Work item: Transcribe the listing below exactly, leaving out each image.

Available data:
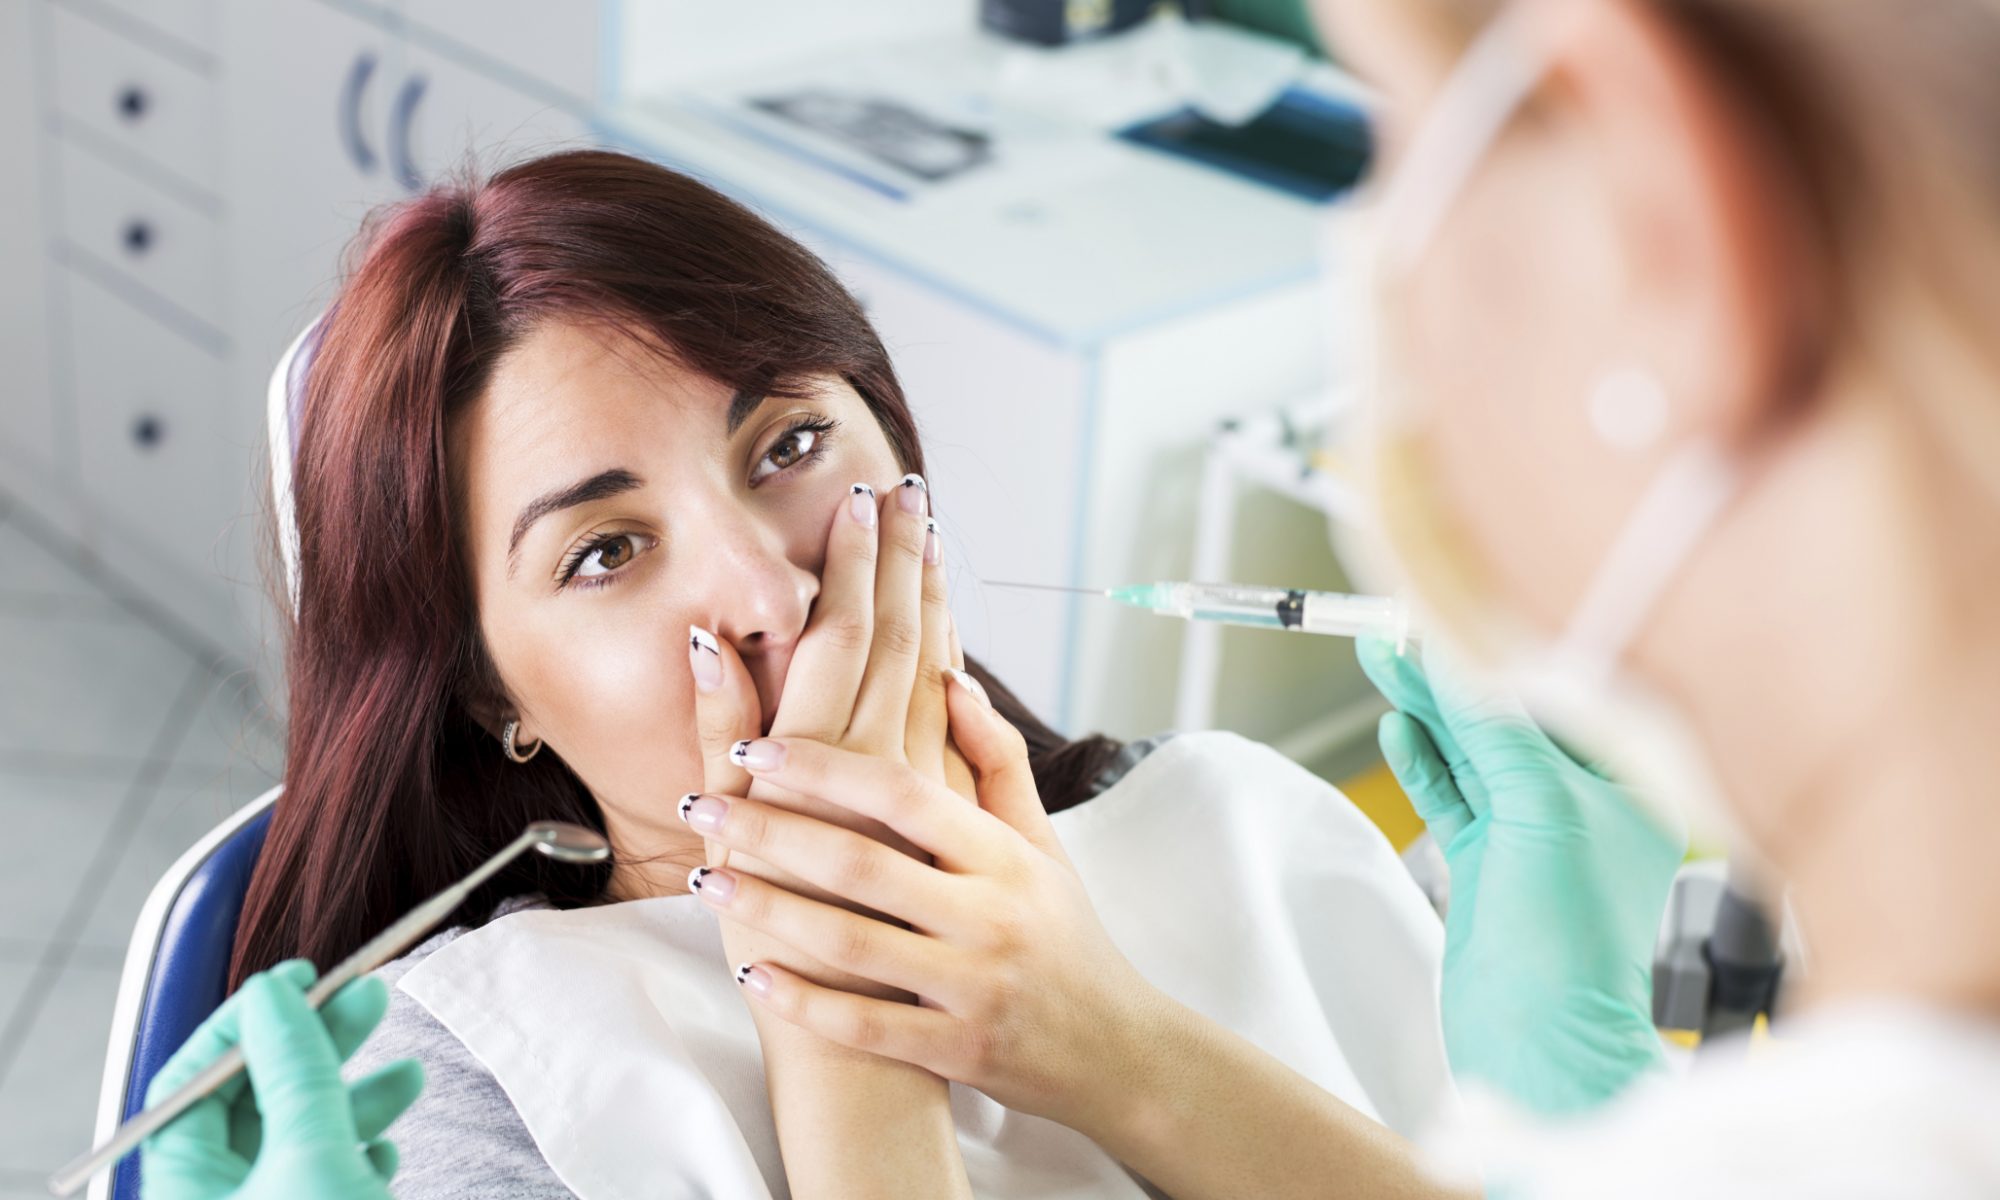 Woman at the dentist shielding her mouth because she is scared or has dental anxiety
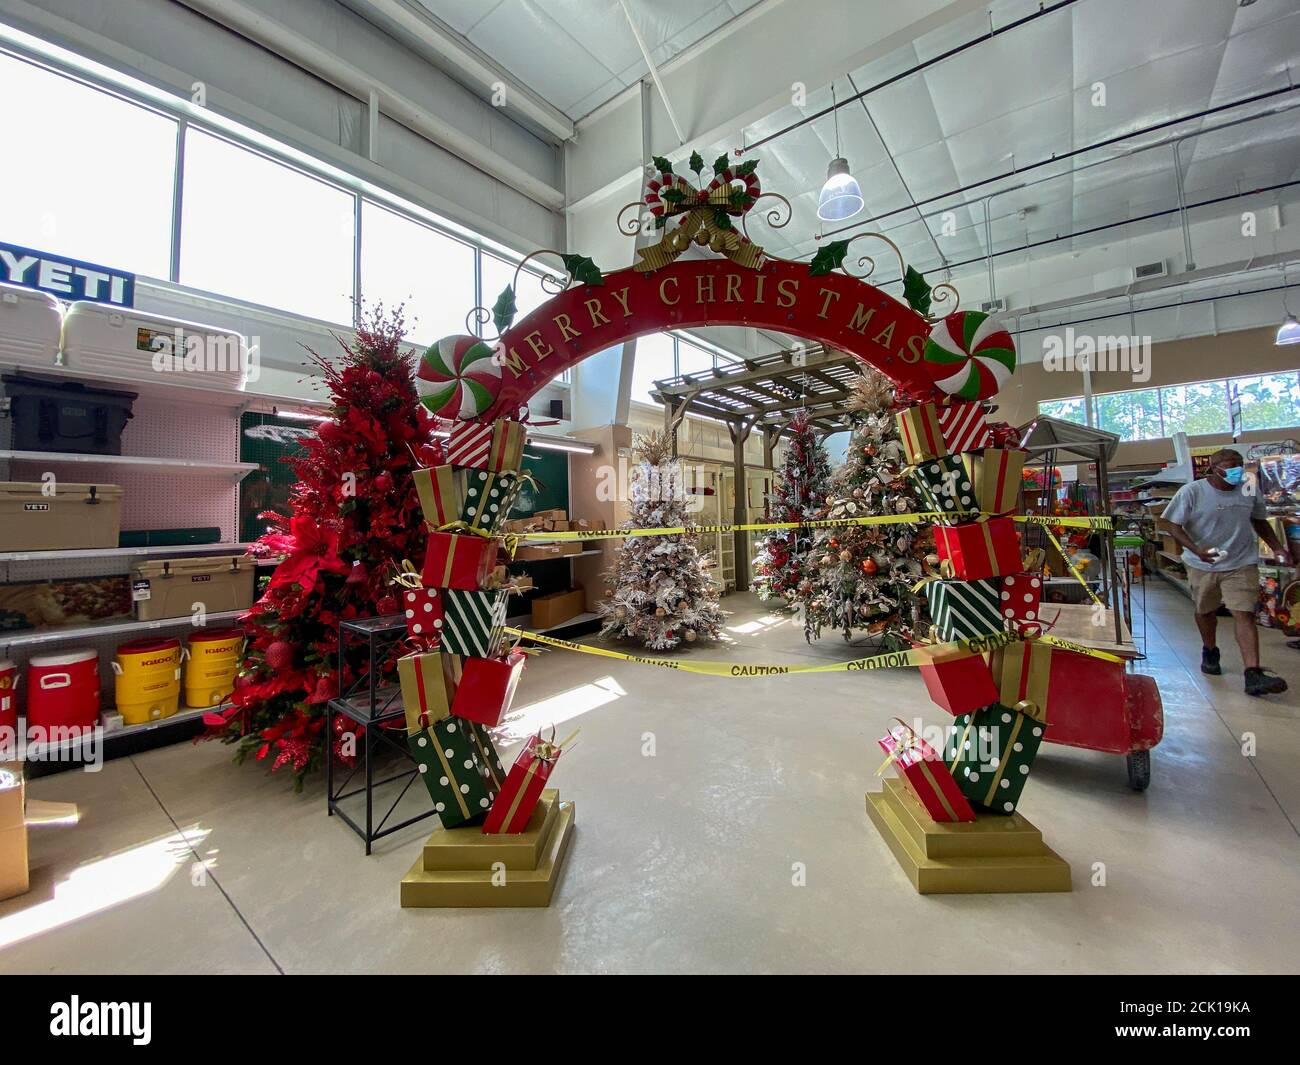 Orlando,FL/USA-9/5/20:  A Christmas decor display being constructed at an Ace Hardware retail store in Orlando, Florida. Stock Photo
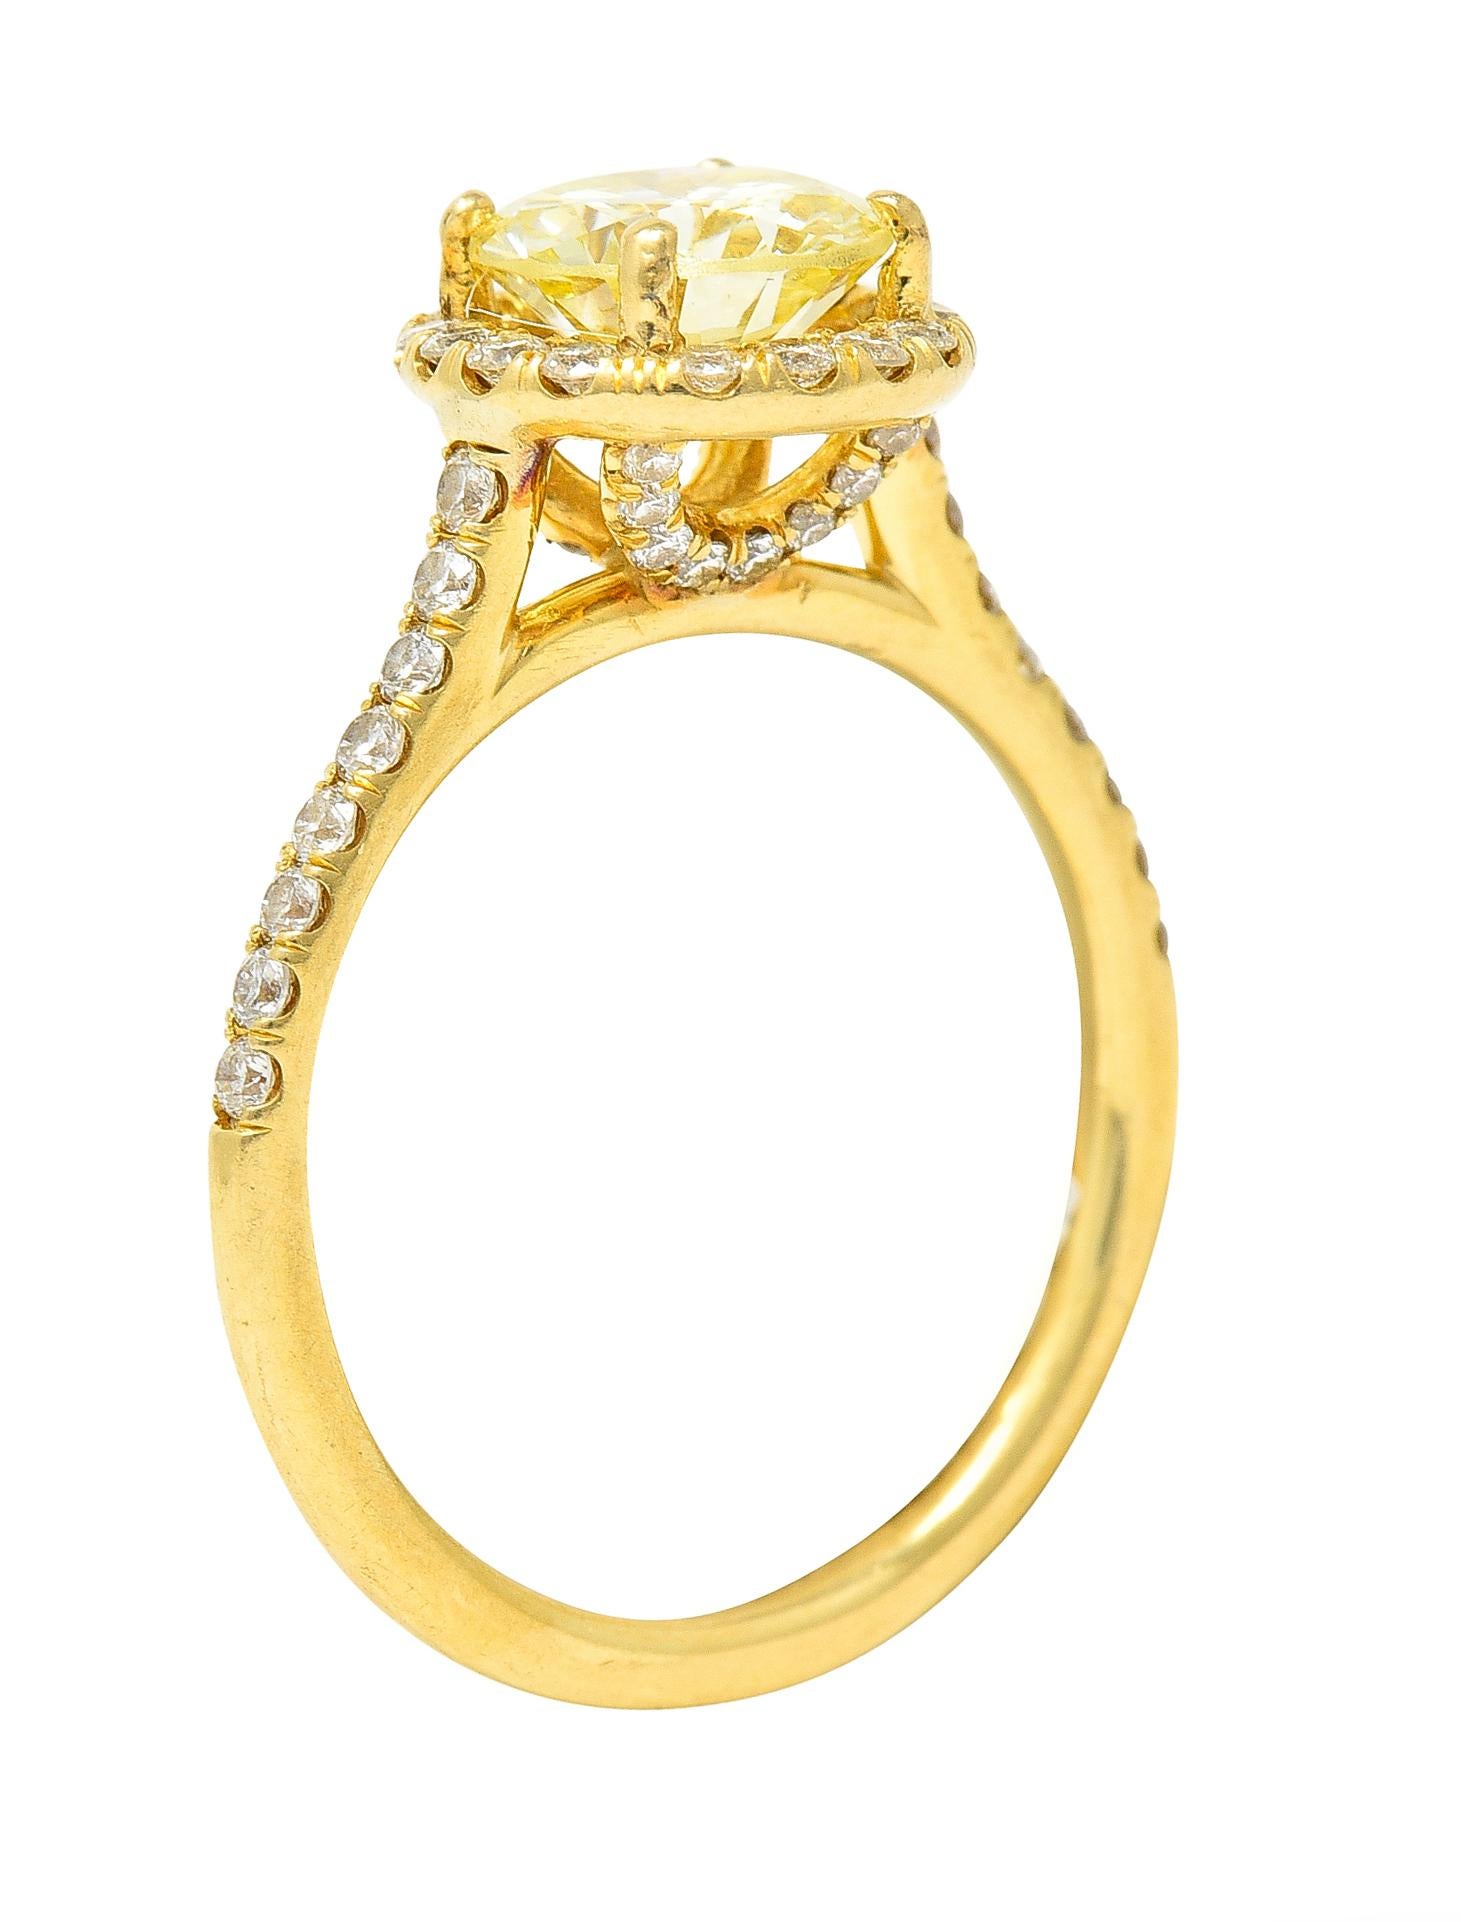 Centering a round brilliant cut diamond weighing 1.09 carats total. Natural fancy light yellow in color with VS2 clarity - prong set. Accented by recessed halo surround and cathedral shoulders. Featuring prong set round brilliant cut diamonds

Answer to the exercise:
 Woman at the dentist shielding her mouth because she is scared or has dental anxiety
 Orlando,FL/USA-9/5/20:  A Christmas decor display being constructed at an Ace Hardware retail store in Orlando, Florida. Stock Photo
 Centering a round brilliant cut diamond weighing 1.09 carats total. Natural fancy light yellow in color with VS2 clarity - prong set. Accented by recessed halo surround and cathedral shoulders. Featuring prong set round brilliant cut diamonds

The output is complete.